At the end of Prion Beach a campsite was indicated on my map. Unfortunately, it happened to be on the other side of a fast-flowing river linking the New River Lagoon to the ocean. On the map it was a mere trace of blue, hardly noticeable. In actuality it was almost a quarter of a mile wide and deep in the middle, where the water eddied and churned through the inlet. Someone had arranged a remarkably civilized way of crossing in the form of two boats, one at one side and one at the other. However, on this particular evening, both boats were on the other side. Some thoughtless hikers had forgotten that they were supposed to return one of the boats to its starting point on my side.
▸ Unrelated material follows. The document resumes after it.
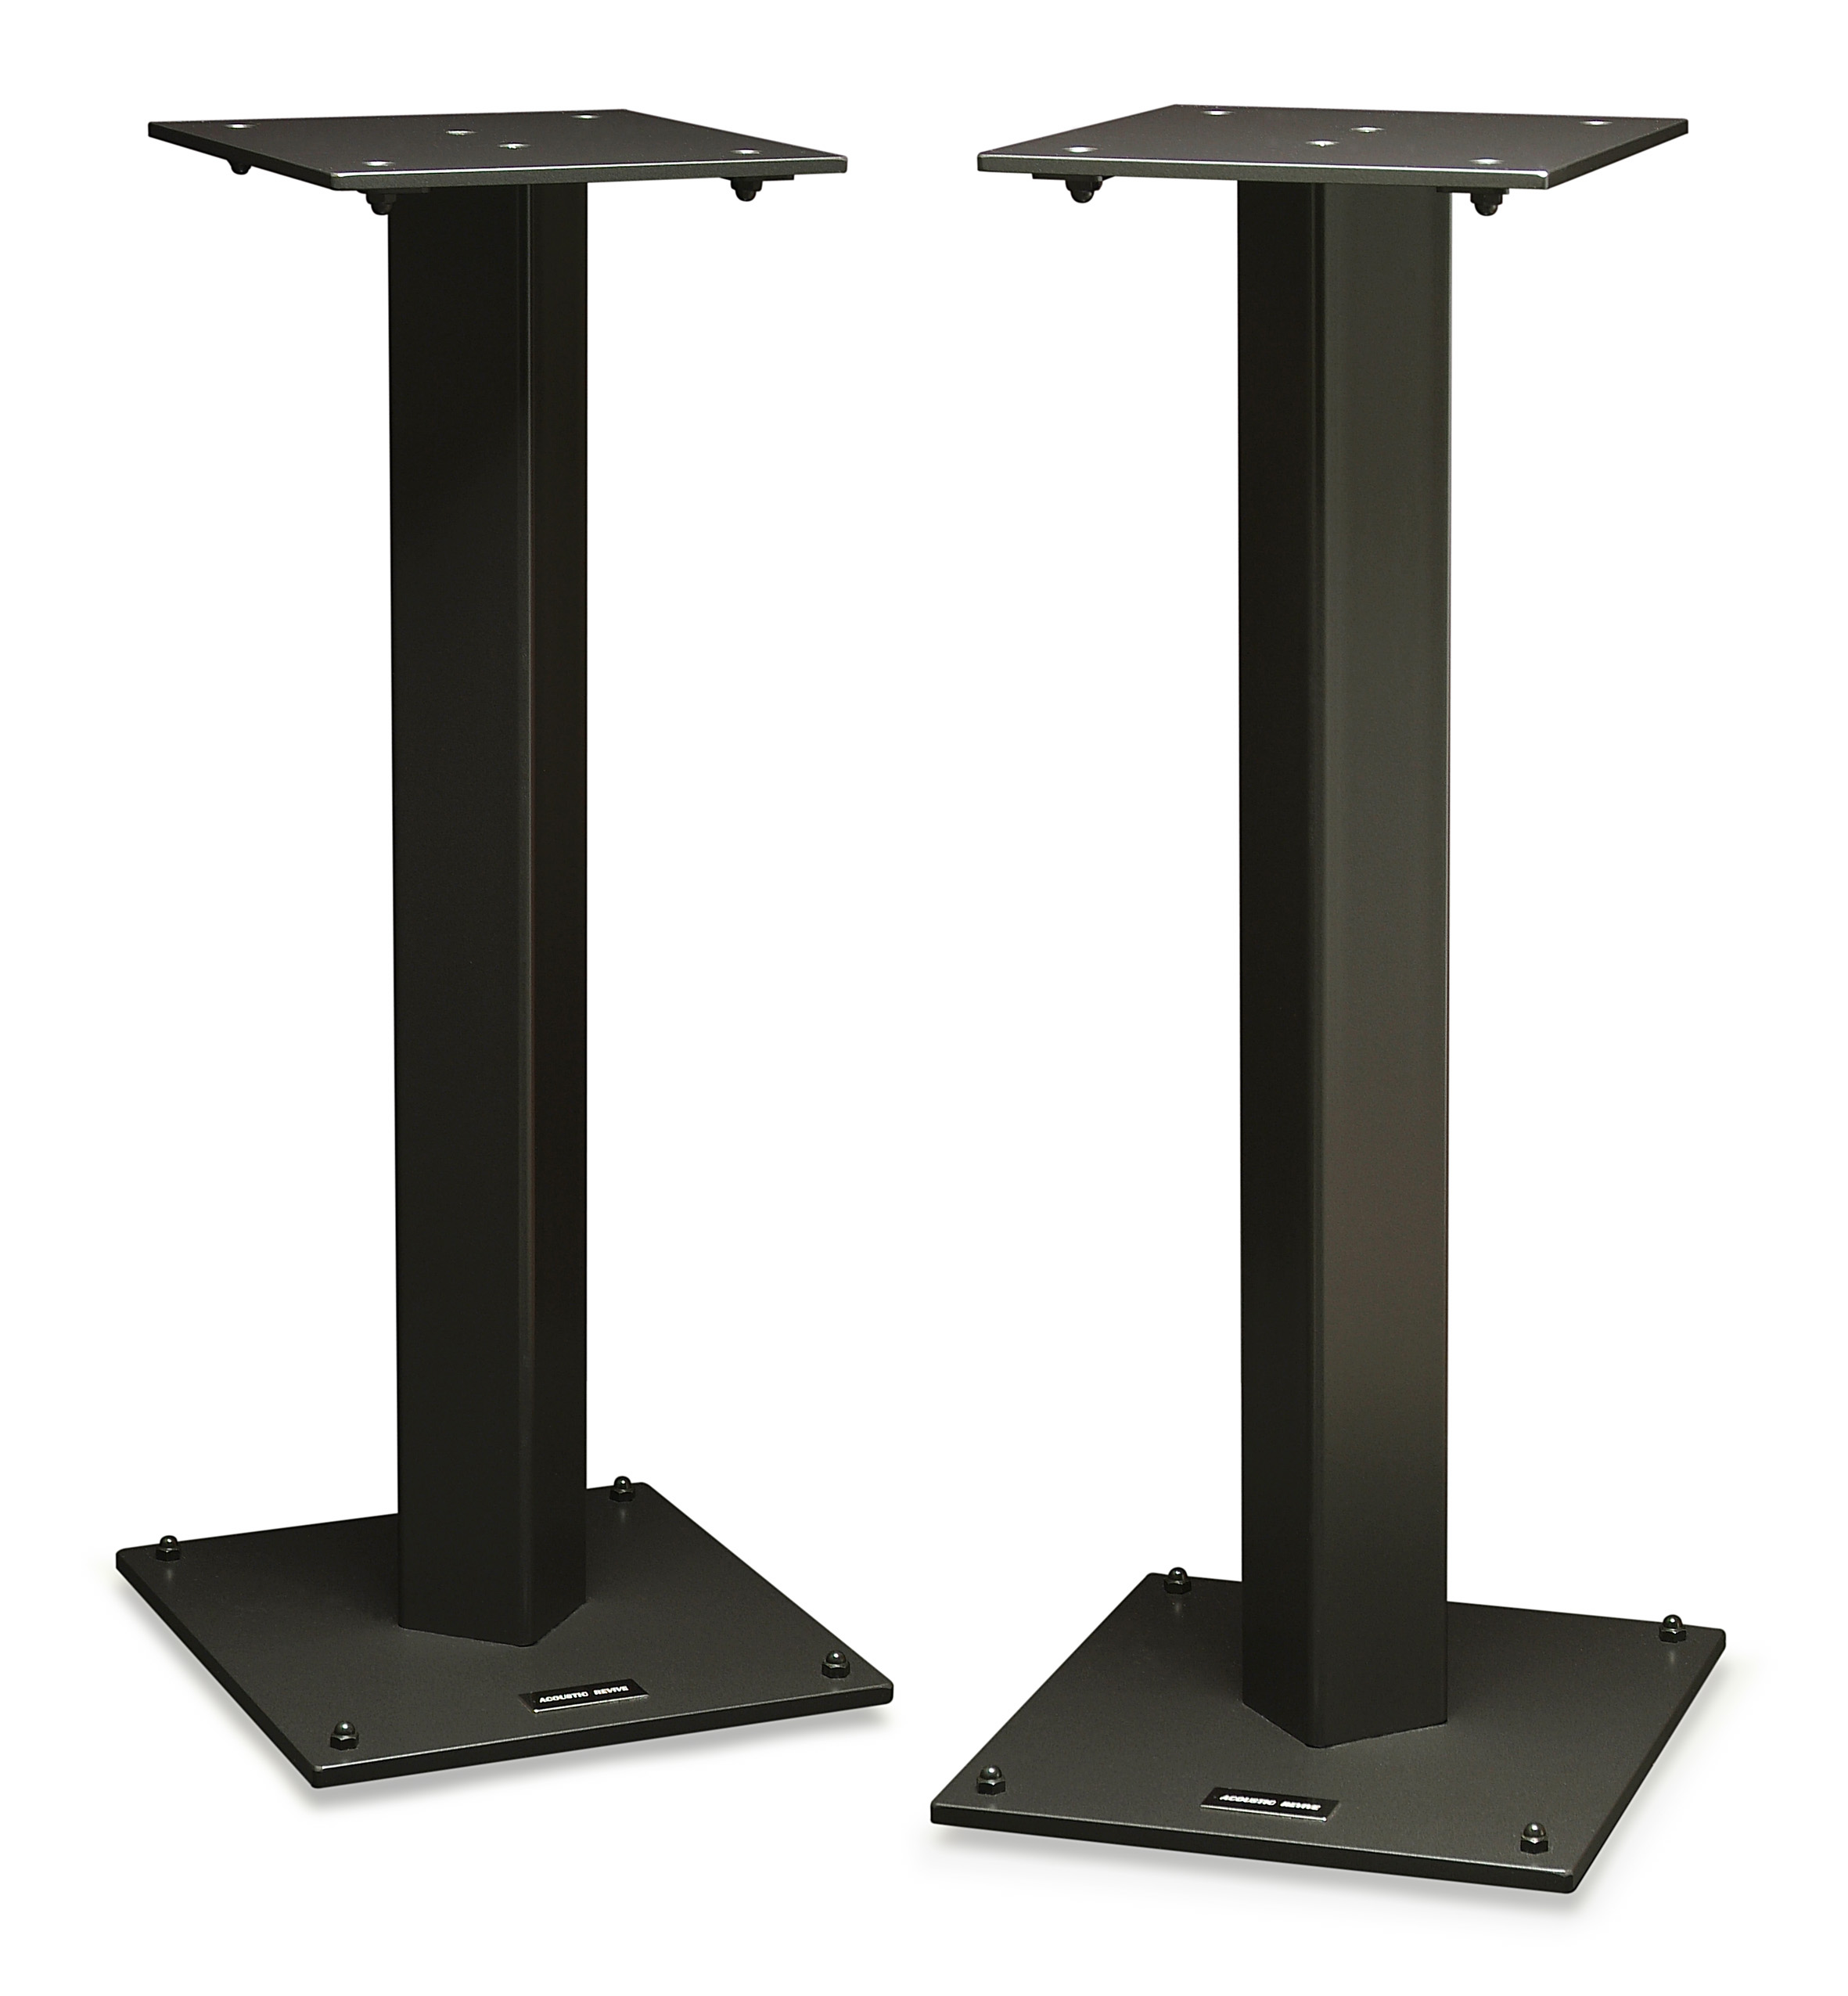 Speaker Stand | Acoustic Revive

Normally I might have indulged in a minor fit of curses and expletives, thrashed the sand into muddy pulp on the riverbank, and wished all kinds of calamities upon the lives of the boats’ previous users. But now it didn’t seem to matter at all. The boat wasn’t there, so I could either swim across and then return with the boat for my backpack or I could wait and see what else transpired. I felt the water. It was bitterly cold. So—no swimming tonight. I decided to make camp on the edge of the dunes and let the problem resolve itself. Tomorrow.

And it did. As such things usually do, if you give them enough time.

 

 

Shortly after dawn my tent began a Saint Vitus’ dance followed shortly by a roar of sound that broke into my sleep in such forms as “Oi,” “Ay,” “Anybody home round ’ere,” “Jeez, you must be a bloody ’eavy sleeper, mate,” and more of the same.

I slowly unzipped the flap and peered into a face—a human face. My first in four days.

And a very peculiar face it was—a broad, sun-scorched, furrowed face framed by a long mop of once-ginger hair and a matted beard of indiscriminate color. And a grin—an enormous grin that revealed a mass of stained chipped teeth behind a mustache that hadn’t been trimmed in months.

“Well, g’day, mate. The boatman has arrived. Betcha weren’t looking forward to a cold swim, were yer?”

I blinked, wiped sticky sleep from my eyes, and heard my cracked, unsteady voice mumble some inanities. I hadn’t spoken aloud in a long time, except for occasional curses and quiet conversations with my maker. I don’t know what I said.

“Gawd, blimey, y’need some coffee, mate. Y’still got a bit of fire out here. Y’wanna get dressed and I’ll get a billy on.”

“Good idea,” I think I said.

“Right y’are, mate. Take yer time. S’good morning out here. Bit on the chill side, so wrap up. See yer.” The flap dropped and then opened again. “Name’s Lanny, Lanny Riley.” I shook a huge hand and introduced myself. “Right, Dave—well, take your time, mate.”

And he vanished. Beard, willowy mustache, big grin, and teeth.

I heard him blowing the embers back to life and rattling pans.

How nice. Coffee being served by a stranger. A noisy stranger too, who began to sing what I later learned was one of Tasmania’s unofficial anthems—a microcosm in song of Tasmanian history. The tune was rather unsteady and off-key and the words were not clear (I found them in a folksong book a few days later in Hobart), but it went something like this:

Come all you gallant poachers that ramble void of care,

While walking out one moonlit night with gun and dog and snare,

With hares and lofty pheasants in your pocket and your hand,

Not thinking of your last career upon Van Diemen’s Land.

 

It’s poor Tom Brown from Nottingham, Jack Williams and poor Joe,

They were three daring poachers, boys, the country well did know;

At night they were caught by the keepers hid in sand—

For fourteen years transported, boys, upon Van Diemen’s Land.

 

The very day we landed upon the fatal shore,

The planters they stood ’round us full twenty score and more;

They ranked us up like horses and sold us out of hand,

They roped us to the plow, brave boys, to plow Van Diemen’s Land.

 

The cottage that we lived in was built of sods and clay,

And rotten straw for bed, and we dare not say nay,

Our cots were fenced with fire, to slumber when we can,

To drive away wolves and tigers come by Van Diemen’s Land.